At 80 years old, steamship Alpena still going strong
ALPENA — A great lady of the lakes celebrates her 80th birthday this year.
The Alpena, launched in 1942 and now the oldest operating steamship on the Great Lakes, visits its namesake city all shipping season long, picking up cement from the Lafarge Alpena plant and carrying it across the waters to be turned into product that helps build the country.
Sometimes perched on the Thunder Bay horizon, sometimes glimpsed steaming its way toward other ports, the ship has a fan following of admirers who track its comings and goings, eager to catch a glimpse of their favorite freighter, said Jeff Scott, plant manager at Lafarge.
“They call me all the time,” Scott said. “They want to know, ‘When’s the Alpena coming in?'”
Mid-World War II, under the name SS Leon Fraser, the Alpena steamed into the Great Lakes for the first time on Feb. 28, 1942.
Longer than two football fields and half as wide, the ship loomed as a behemoth among its peers, the longest ship on the lakes and able to carry more than any other operating freighter.
In 1990, a new owner rechristened the ship the Alpena and shortened it by 120 feet, cutting out its midsection in drydock and then flooding the drydock until the two ends of the ship floated and could be pushed together and welded, newspapers of the day reported.
The Alpena suffered a setback when a December 2015 electrical fire caused millions of dollars of damage to the ship’s aft, but it returned to service the following year.
Though some modern upgrades to the ship followed the fire, the wheelhouse still gleams with brass and wood and 80-year-old elegance.
“It has its own Facebook fan page,” said Captain Steve Stanek, who started as ship’s captain in 1997.
In the middle of the wheelhouse, brass railings surround a raised platform, on which sit a steering column and an original compass, chest-high and oozing with nautical-history vibes.
Around the platform, modern computer screens nestle between other original equipment, digital blips juxtaposed with devices looking like they jumped from a history book.
Below, a living room and bedrooms used to hold visitors when Lafarge auctioned off rides on the vessel to support charitable causes.
A long, narrow hallway — the storm tunnel, used by crew when waves get high and crash over the side of the ship — runs the length of the ship along one side.
The dim hallway goes and goes, hundreds of feet, one wall holding back giant storage holds while ballast water sloshes in tanks underfoot.
Past the holds, under the ship’s distinctive slanted stack, two four-story monsters crouch among stairs and landings and railings in the boiler room, turning fire and water into steam that “makes the boat go,” Stanek said.
In another room, a vast, white space filled with metal and chrome and lights and machines stretches at least three stories down and two stories up, impossibly large.

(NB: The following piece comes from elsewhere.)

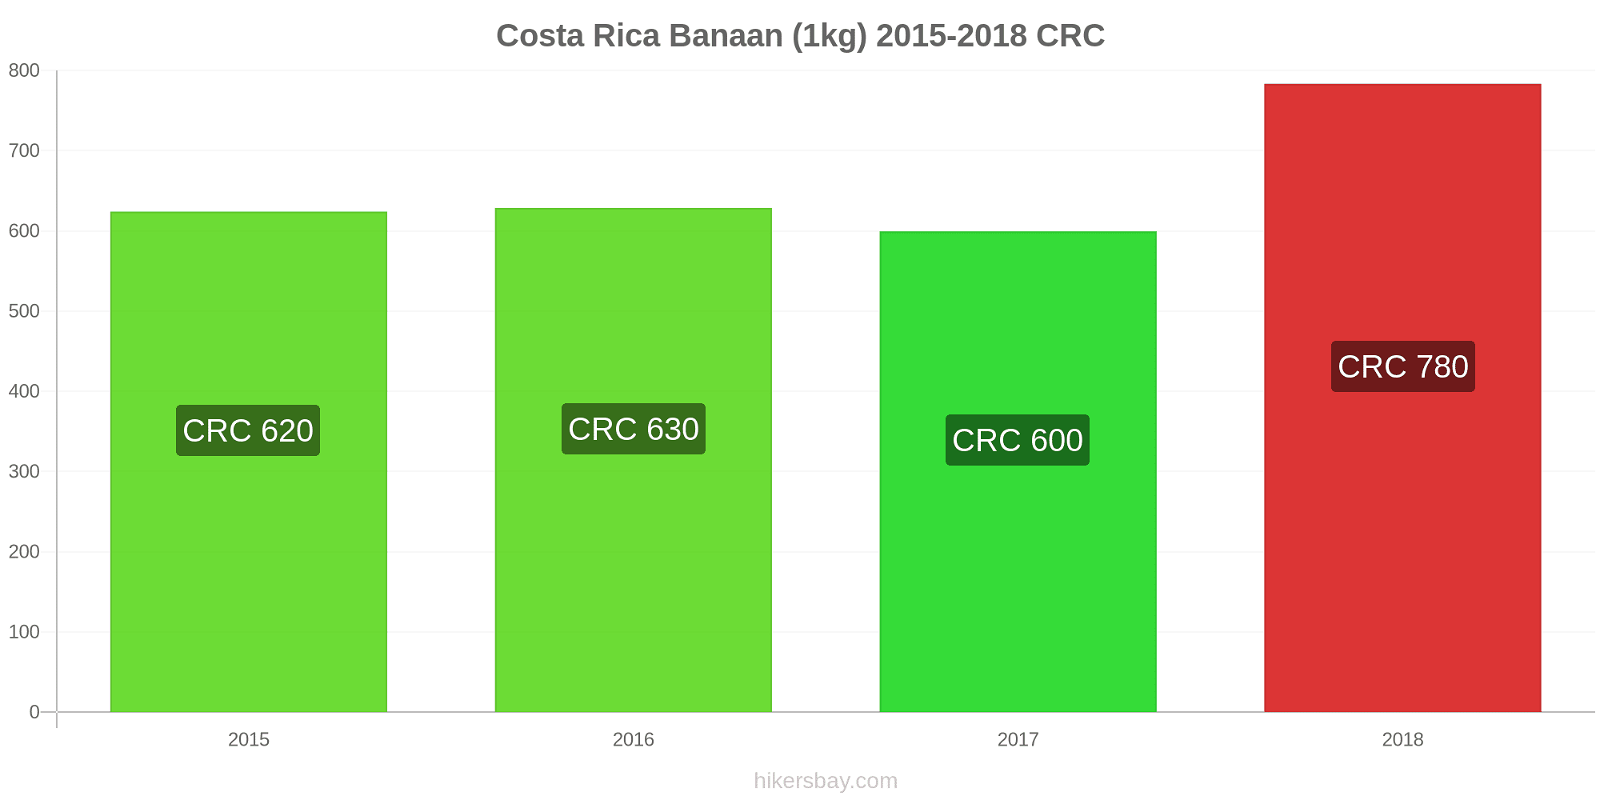 Costa Rica prijswijzigingen Bananen (1kg) hikersbay.com

Here, steam from the boilers pushes turbines that actually drive the boat, Stanek said, explaining with the authority of experience the endless pipes and tubes and tools and whirligigs and gizmos that line the enormous room.
In an adjacent hallway lined with doors, he talks softly. His crew are sleeping, he said.

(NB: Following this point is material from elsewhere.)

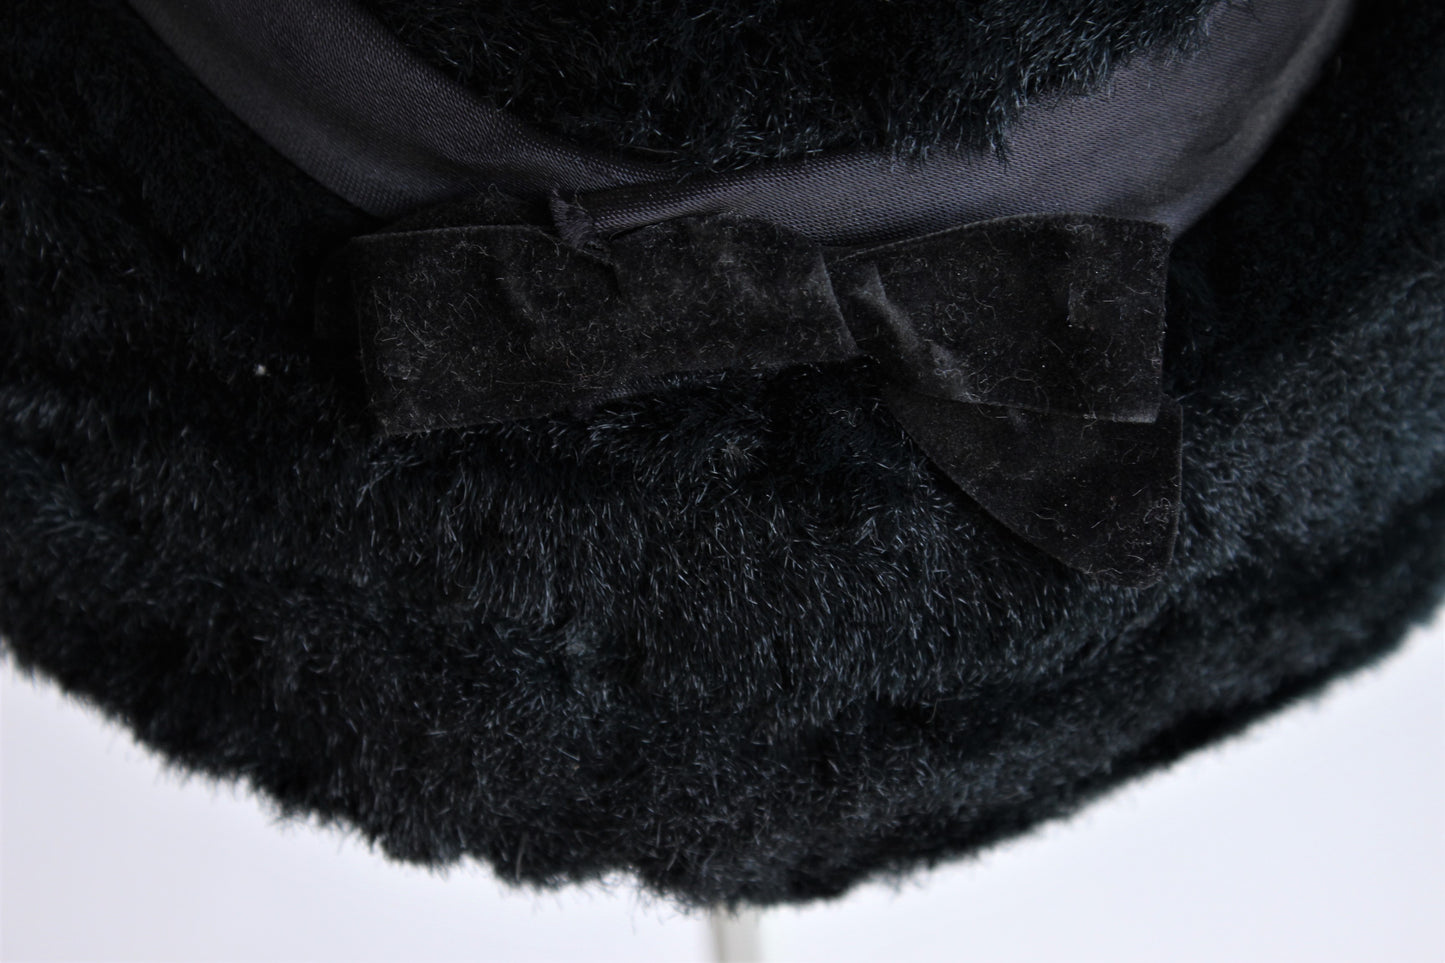 Vintage 1950s Black Faux Fur Hat

An officers’ mess, its long table laden with condiment bottles, is technically for the top dogs onboard, but they don’t mind if the other crew members hang out there, Stanek said.
He chats with the steward, who feeds the ship’s 21 crew members three meals a day, sometimes for 60 to 90 days at a stretch, with extra treats on holidays.
A nearby room full of exercise equipment used to hold couches and televisions. The crew wanted something to do on their 16 hours off, when they’re not at port and riding bicycles through town, Stanek said.
Atop the ship, where giant metal slabs lay draped across the width of the deck, a peek through a round opening into the cargo holds reveals only bottomless darkness.
Soon, through booms dangling from the silos standing sentry nearby, cement will pour at a speed of nearly 1,000 tons per hour into the holds, in a matter of hours filling them to within two feet of the top.
Freighter crews have to load and unload with care. Ships sometimes crack in half if their load isn’t handled just so, Stanek said.
The Alpena will pull out of Alpena laden with some 12,000 tons of Northeast Michigan, carrying it to Green Bay or Chicago, Detroit or Toledo, to be made into products used around the world.
In the meantime, the crew will get rested up, pass the time, and keep taking care of the oldest steamer on the Great Lakes.
“It’s an awesome boat,” Stanek said. “I hope she runs for a lot more years.”